Broader economic shifts are driving speculation that low rates – and inflation – in the post-crisis period were anomalies. Among them: demographics that may raise wages as elderly workers retire; away from globalization. And it leads to counter the global warning to turn away from fossil fuels.
“If inflation is going to be flat and high, I don’t want to own long-term bonds,” said Kathryn Kaminsky, chief research strategist and portfolio manager at AlphaSimplex Group.

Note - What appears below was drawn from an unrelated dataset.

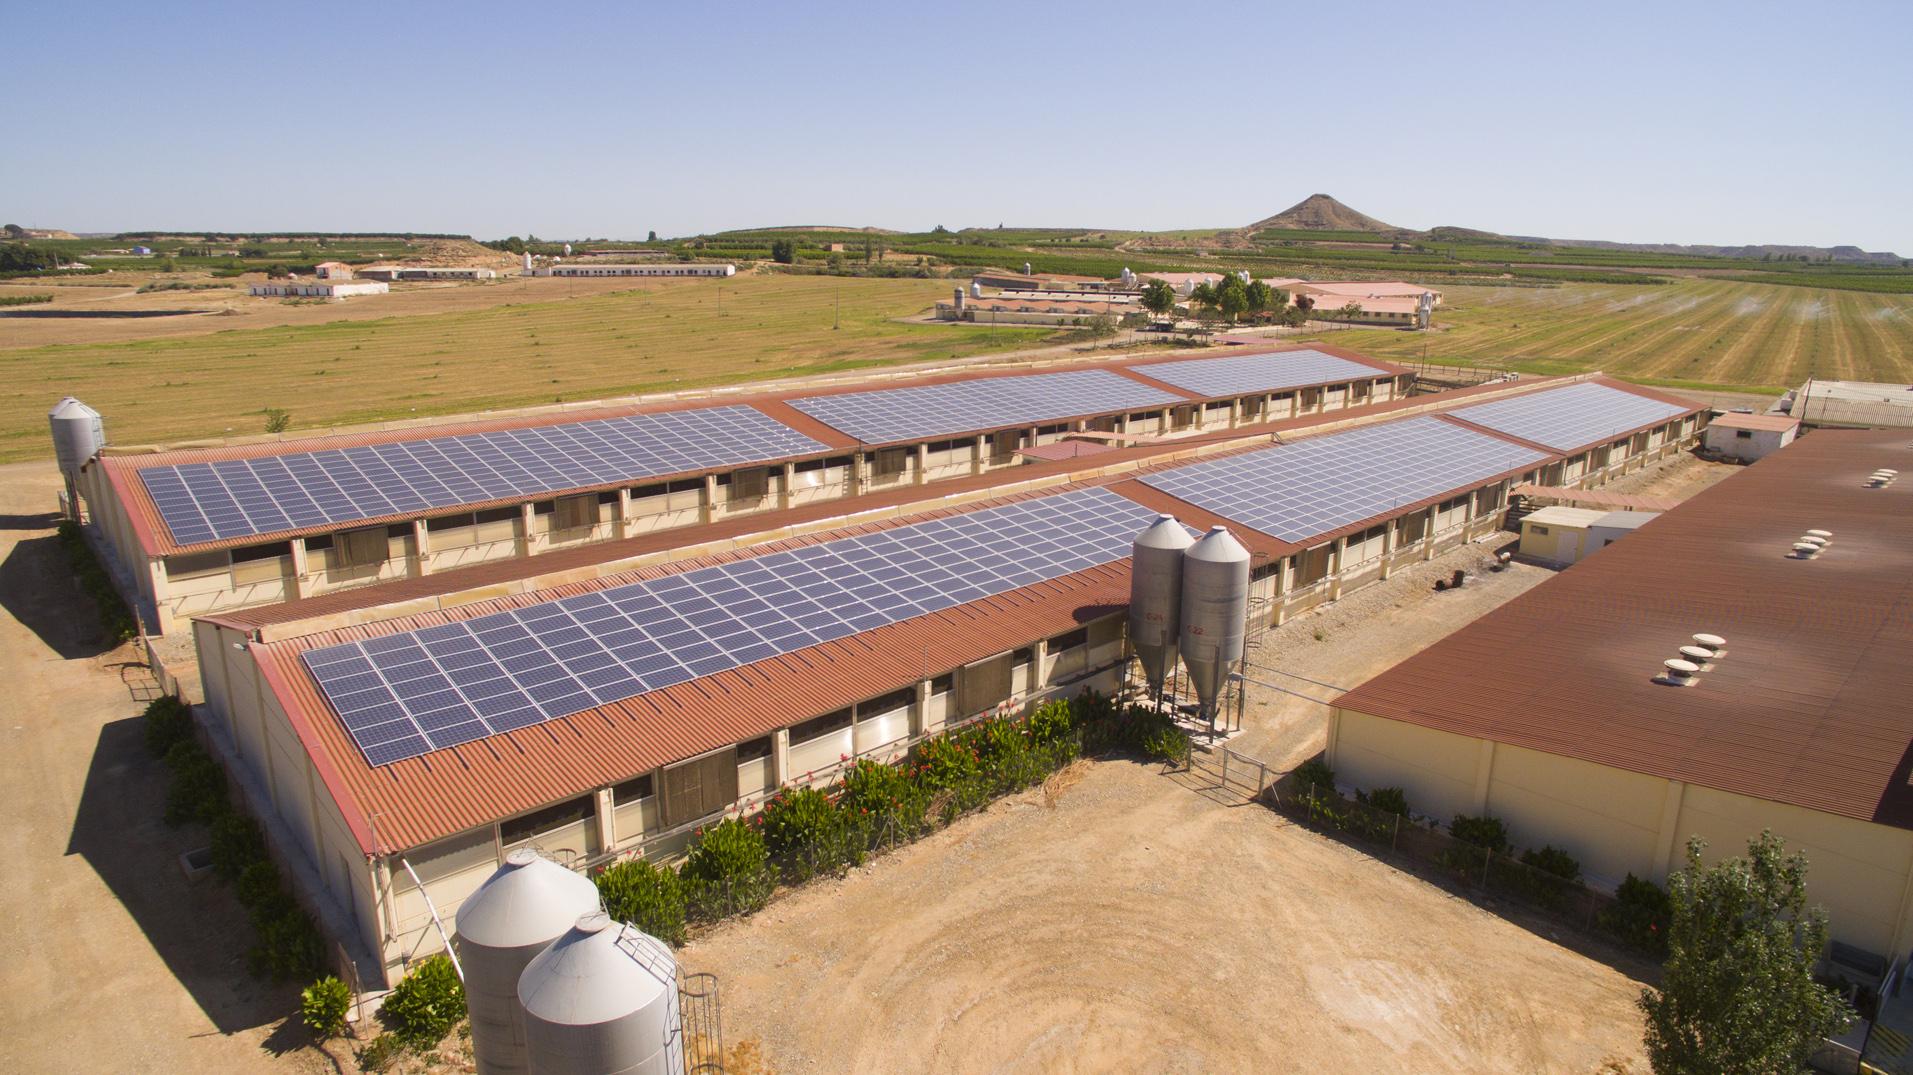 Fotovoltaico in agricoltura

“People are going to need more term premiums to own long-term bonds,” she said, referring to the higher payments investors typically demand at the risk of parting with their money for a longer period.
Even with the recent hike in yields, though, it’s no longer such a premium. In fact, it remains negative as long-term rates remain lower than short-term – an inversion of the yield curve that is usually seen as a harbinger of recession. But that gap is starting to narrow, which has lowered the New York Fed’s measure of term insurance premiums to about negative 0.56% from nearly 1% in mid-July.
This upward pressure has also been exacerbated by US federal spending, which has led to an influx of new debt sales to bridge deficits even as the economy remains at – or near – full employment. At the same time, the Bank of Japan’s decision to finally allow 10-year yields there to rise is likely to dampen Japanese demand for US Treasuries.
BlackRock’s Boivin says a major shift is underway in the world’s central banks. He said that for years they have kept interest rates well below the rate considered neutral to stimulate their economies and stave off deflationary risks.
He said, “Now that has been reversed.” “So even if the long-term neutral rate does not change, central banks will maintain a policy above that neutral rate to ward off inflationary pressures.”